Your answer must match, word for word, the lines from the one holding "Ein Airbus A350" through the final line below, with pictures excluded.

## Data extract

________________________________________

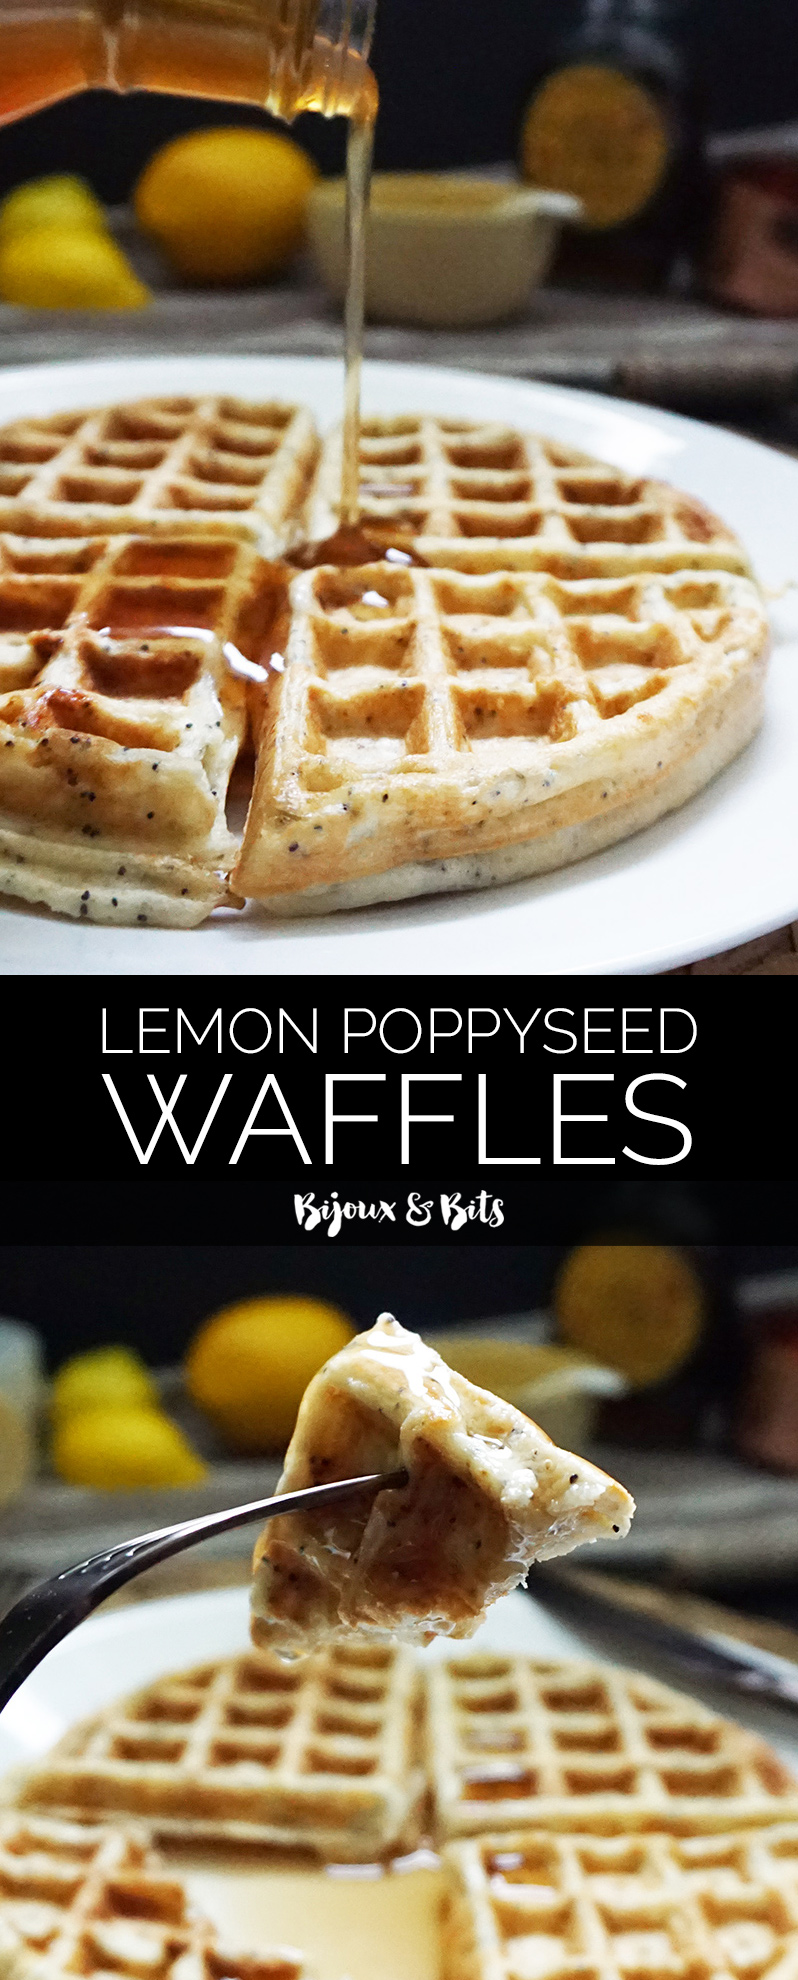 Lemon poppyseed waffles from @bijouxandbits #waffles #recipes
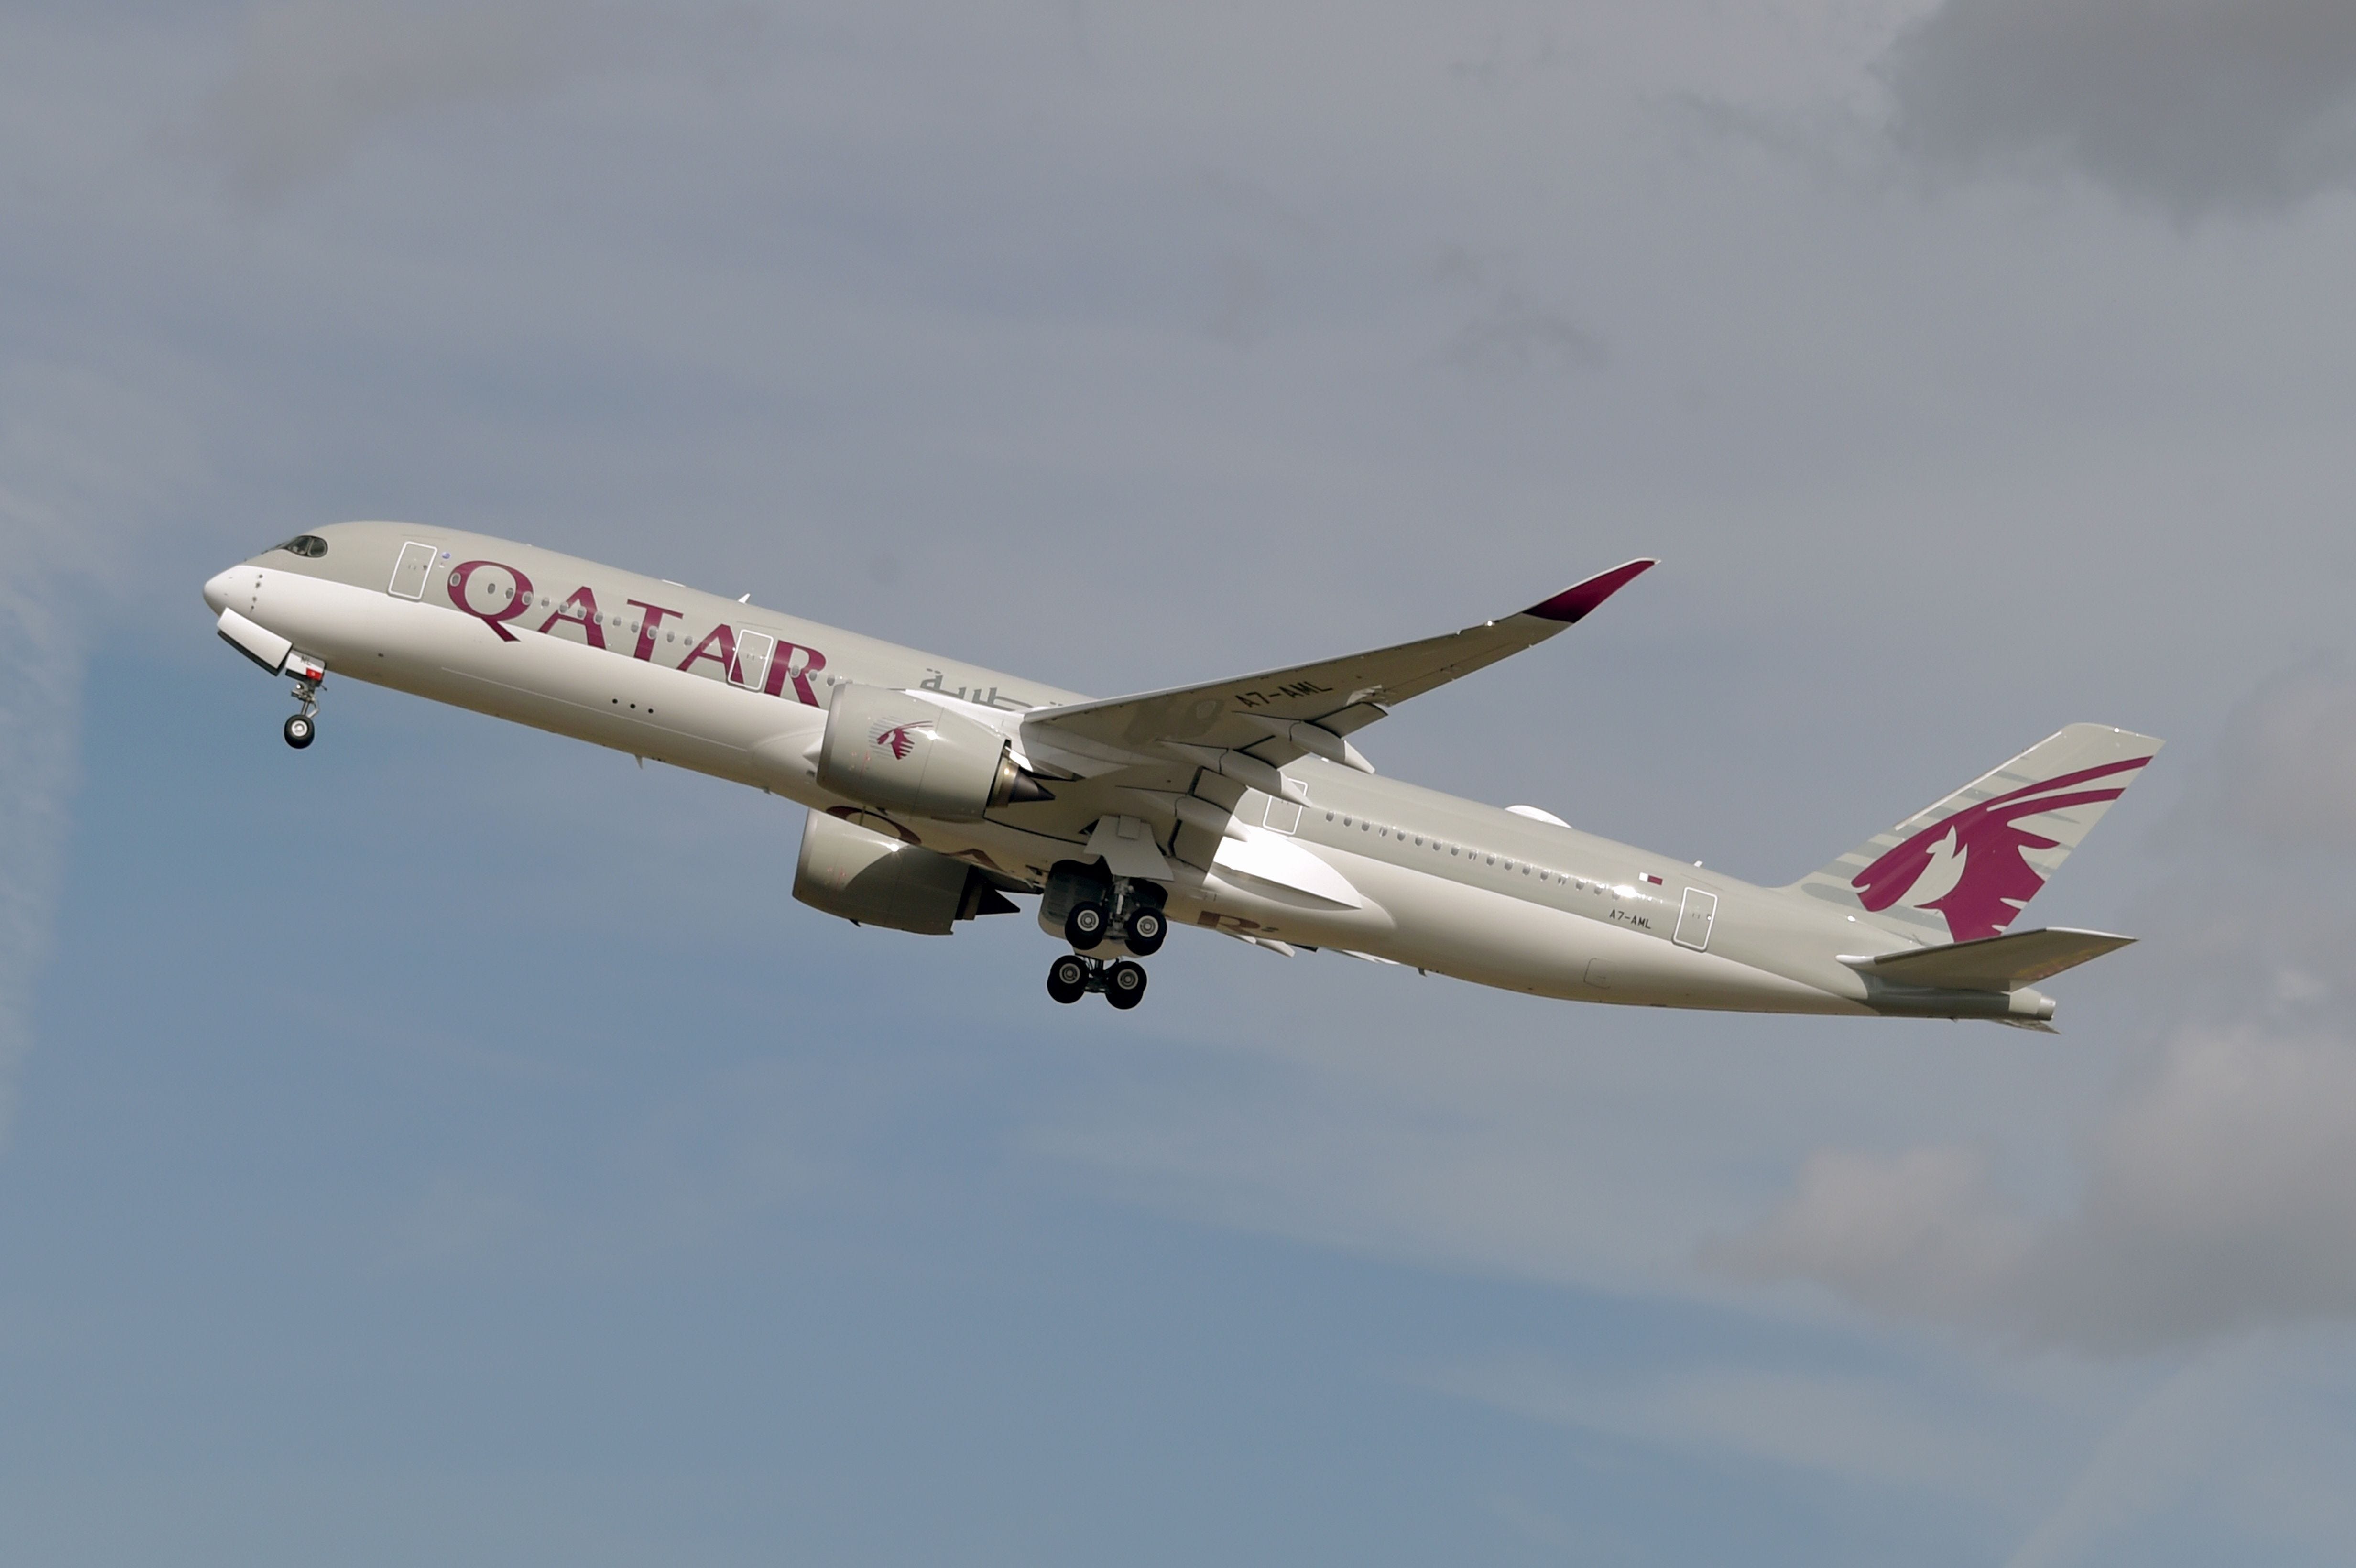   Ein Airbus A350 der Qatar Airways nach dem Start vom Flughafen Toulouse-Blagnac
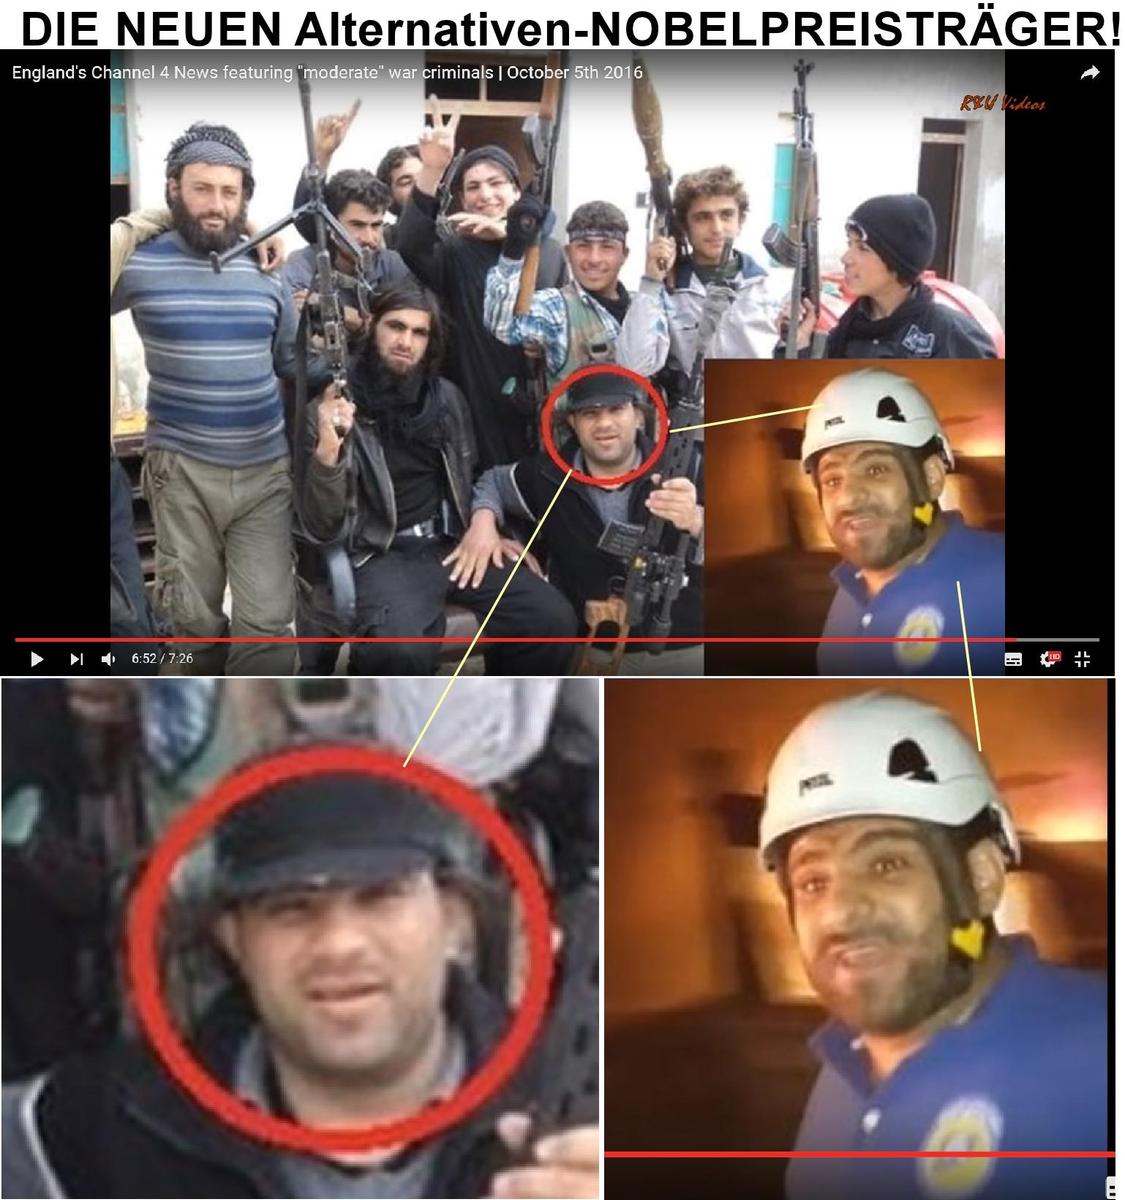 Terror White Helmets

________________________________________

## Solution below
   Ein Airbus A350 der Qatar Airways nach dem Start vom Flughafen Toulouse-Blagnac
 Terror White Helmets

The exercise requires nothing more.